___ Provided data
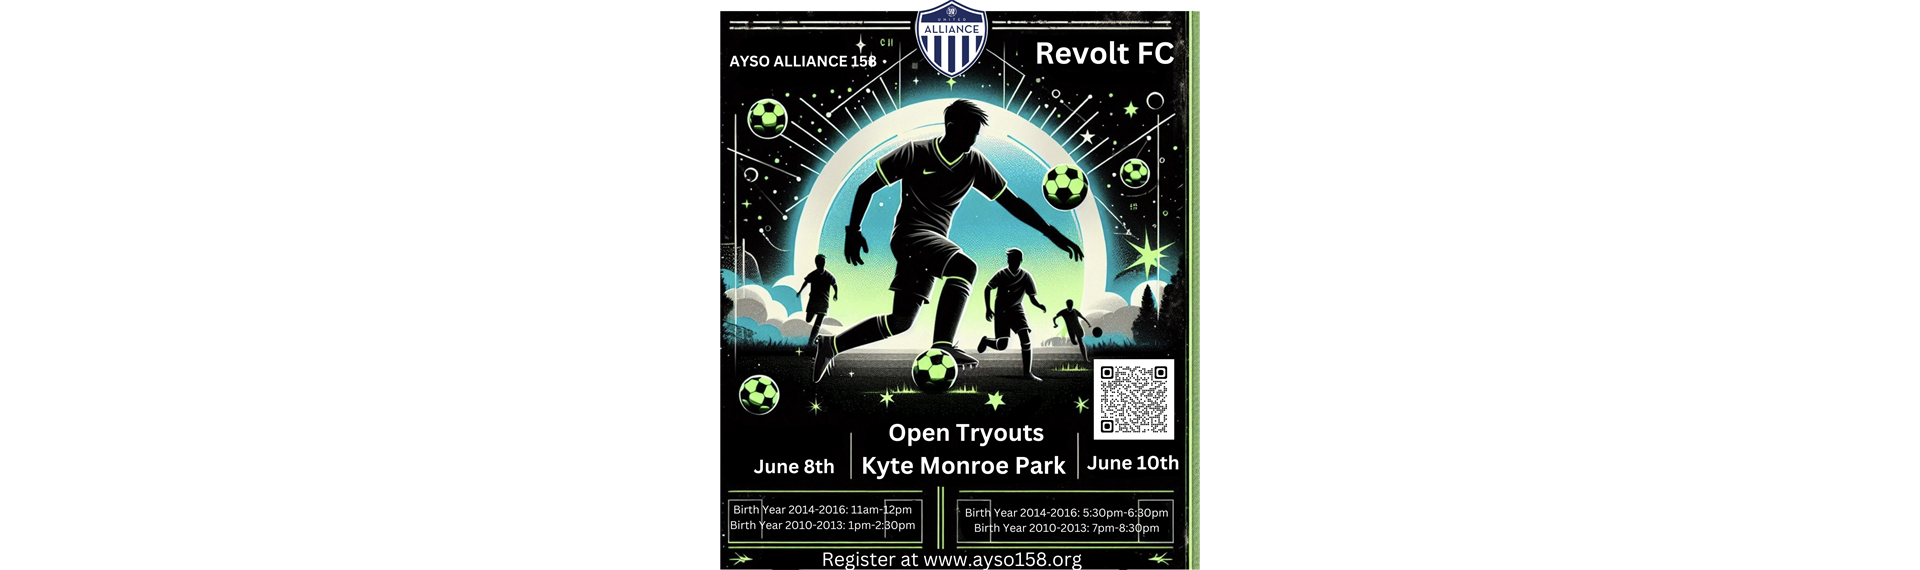 AYSO Alliance 158/Revolt FC Tryouts
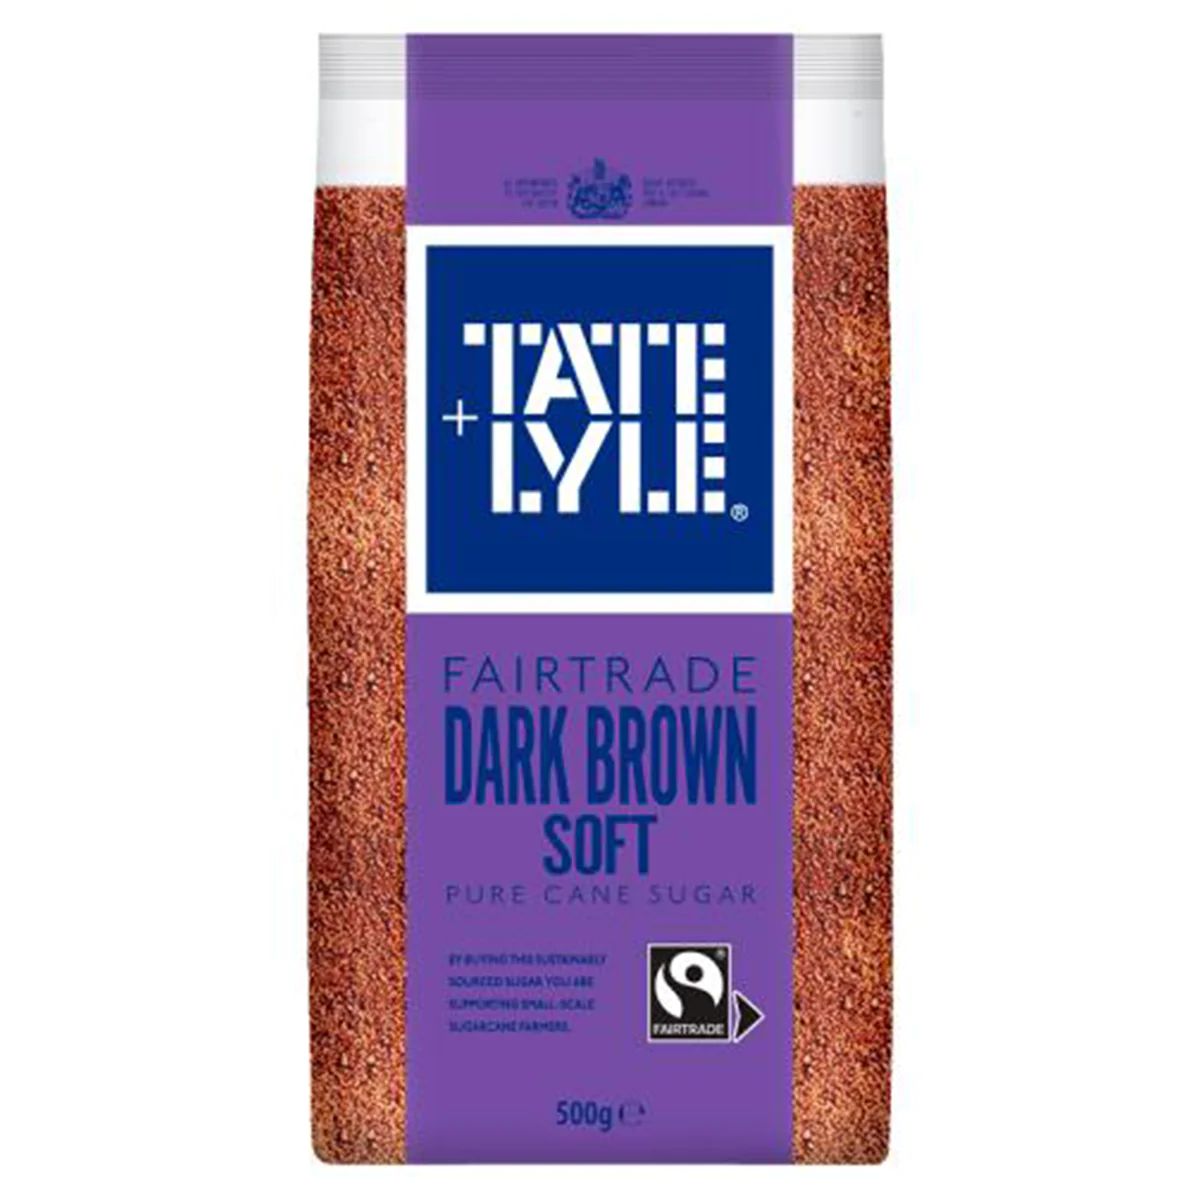 A package of Tate & Lyle - Fairtrade Dark Brown Soft Sugar, weighing 500 grams.
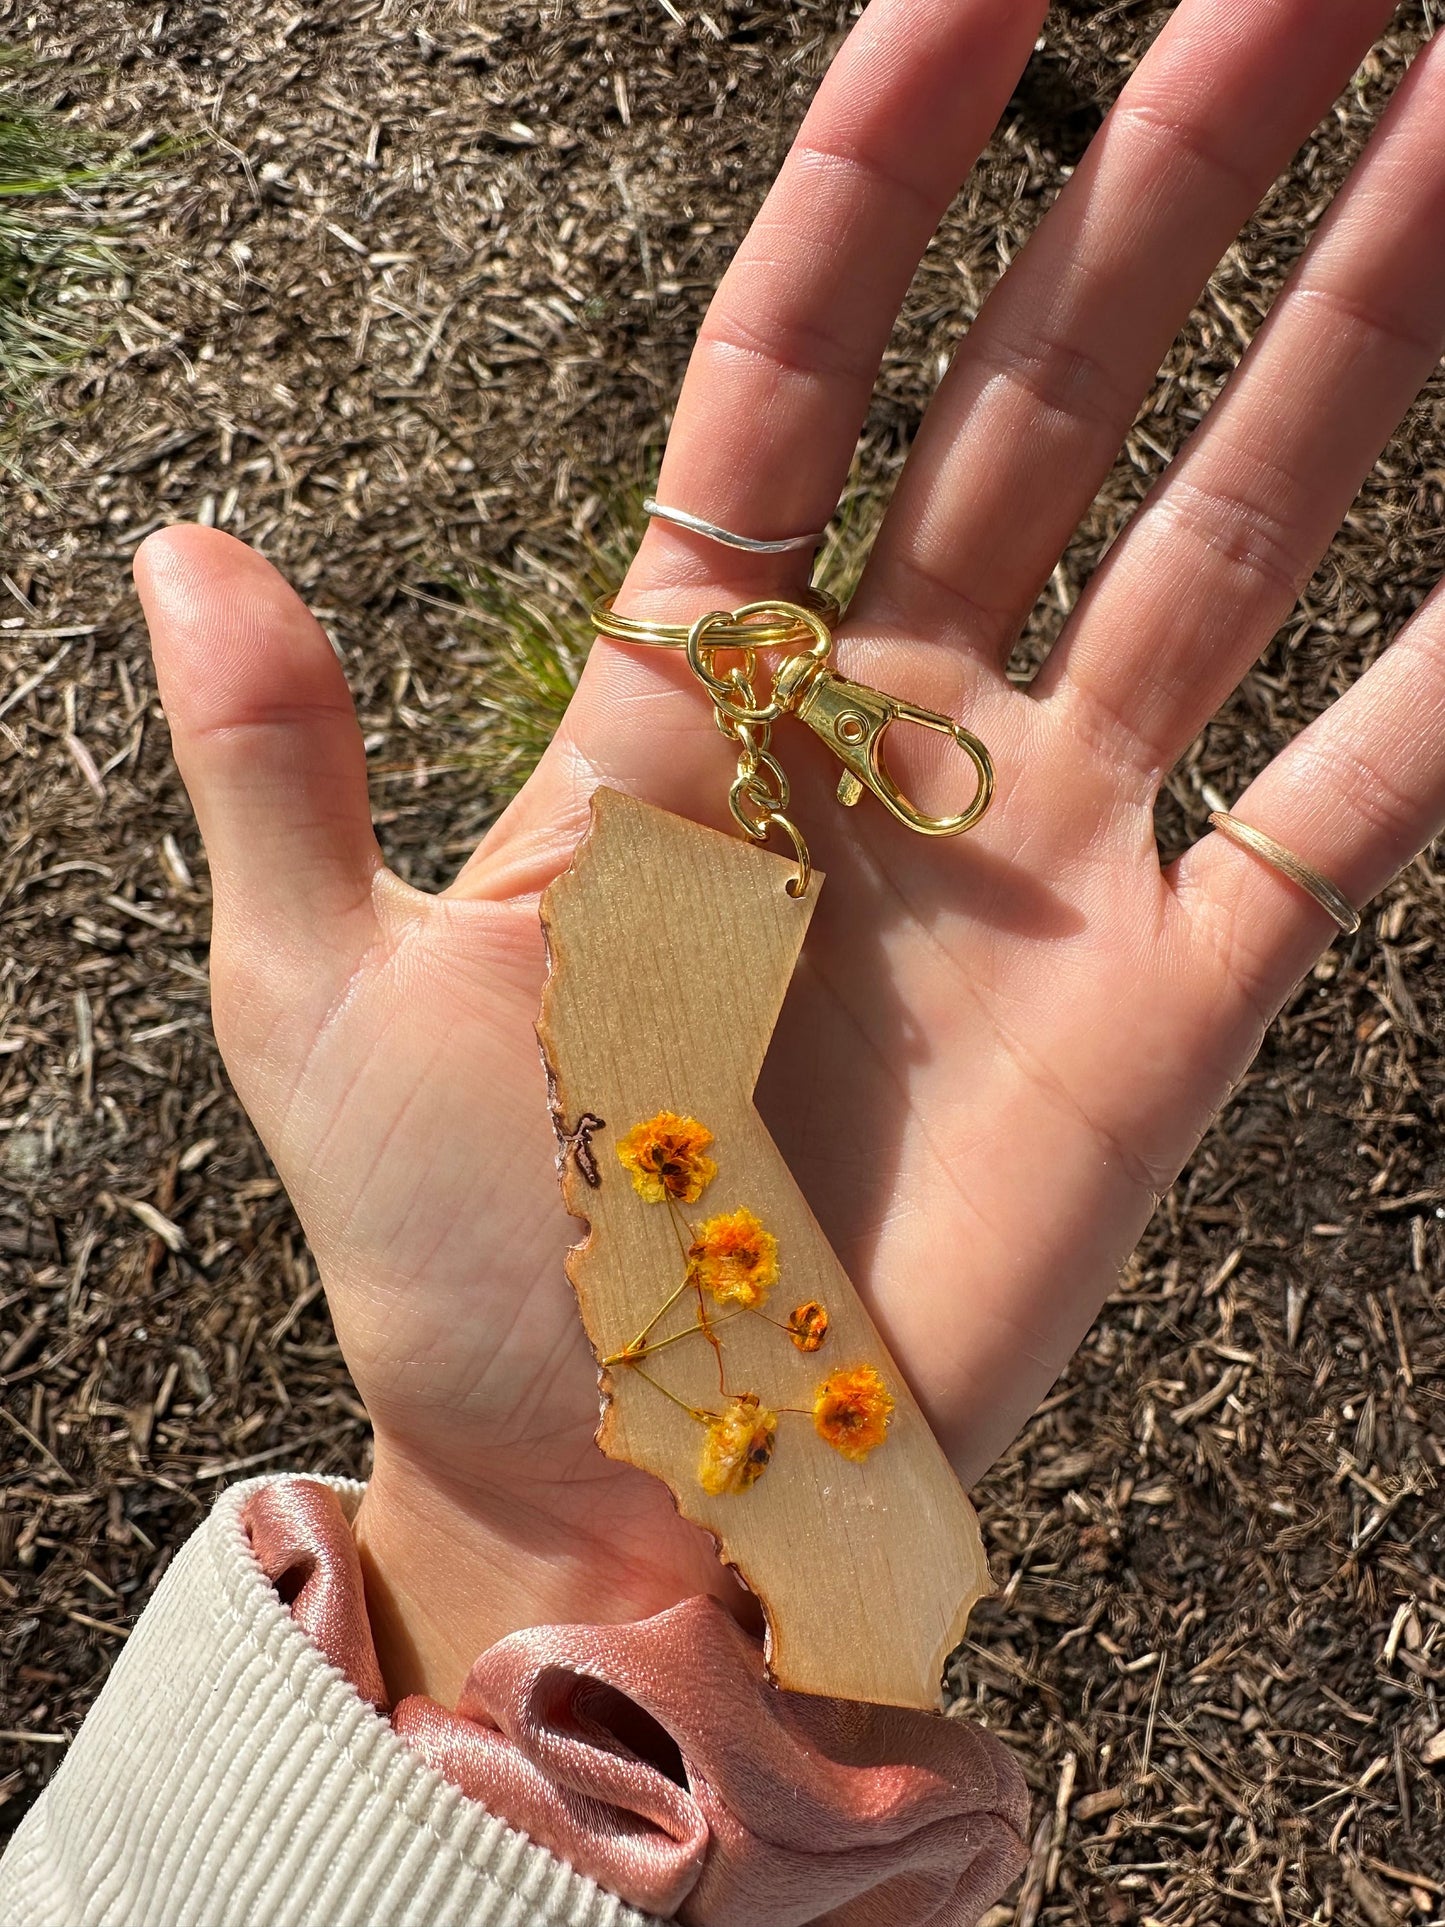 California flower keychain or magnet
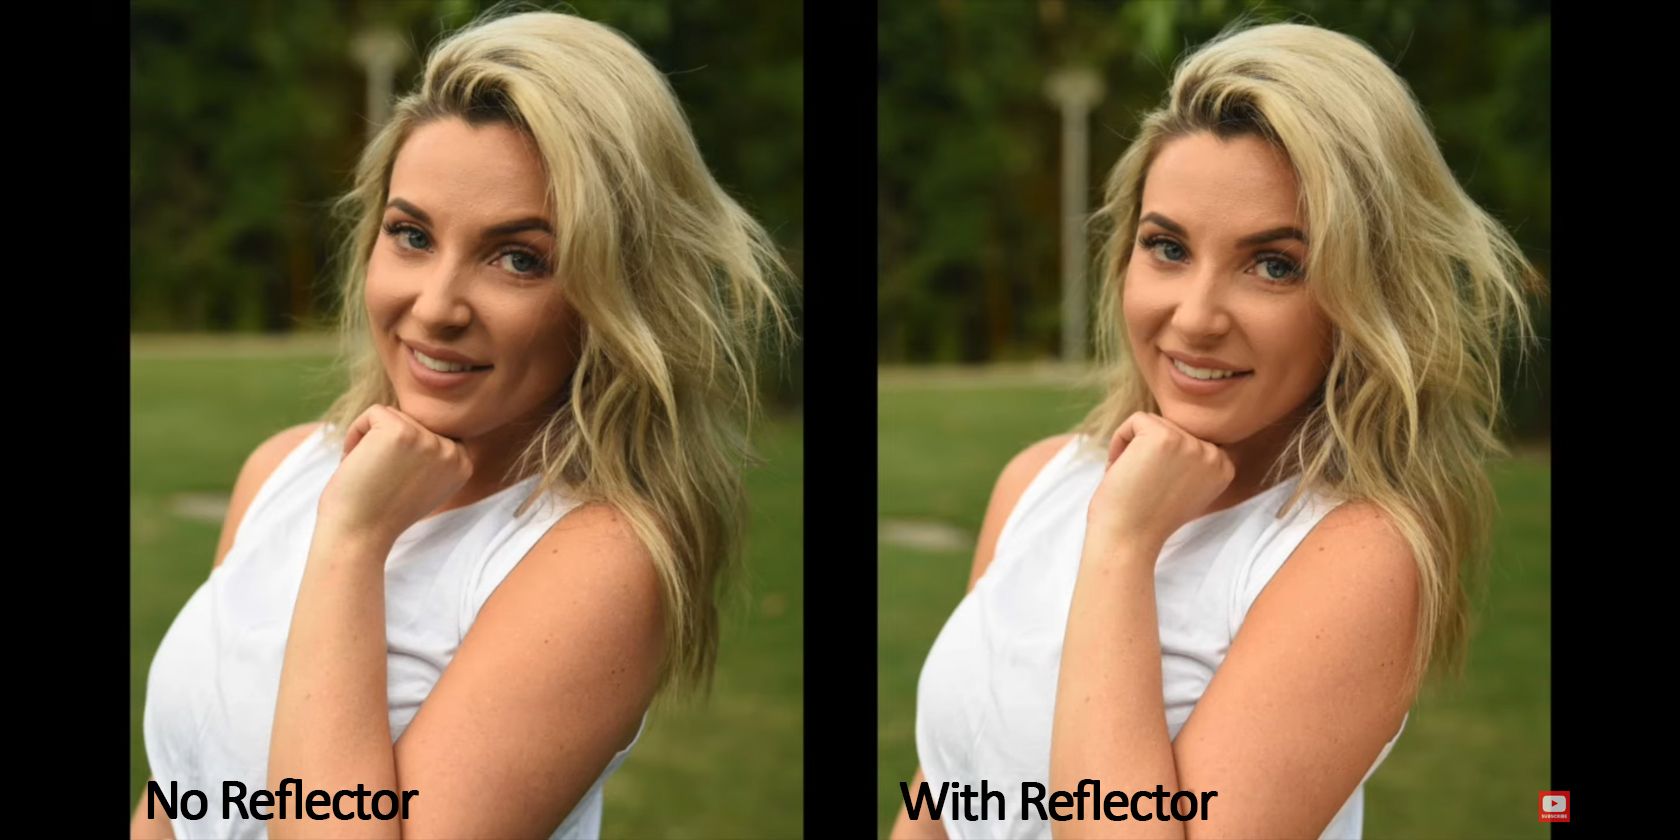 No reflector vs With reflector example
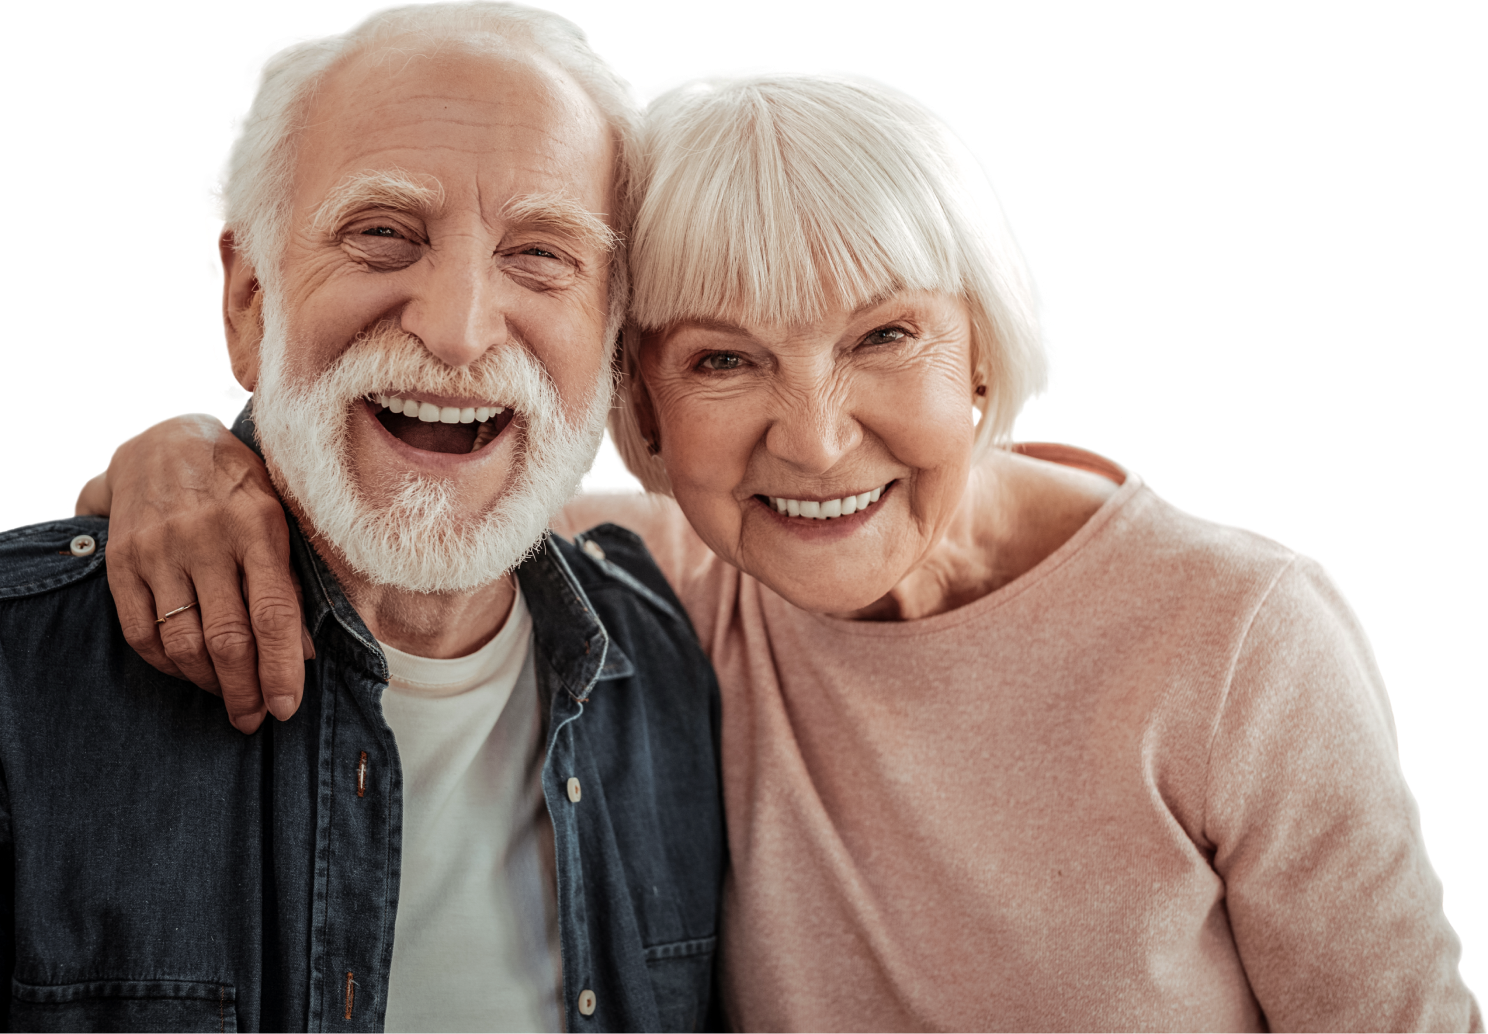 two elderly people smiling joyfully
______
__What needs to be done__
Please ensure that the data above is repeated exactly, with no pictures in the copy.

__Result of this exercise__
 AYSO Alliance 158/Revolt FC Tryouts
 A package of Tate & Lyle - Fairtrade Dark Brown Soft Sugar, weighing 500 grams.
 California flower keychain or magnet
 No reflector vs With reflector example
 two elderly people smiling joyfully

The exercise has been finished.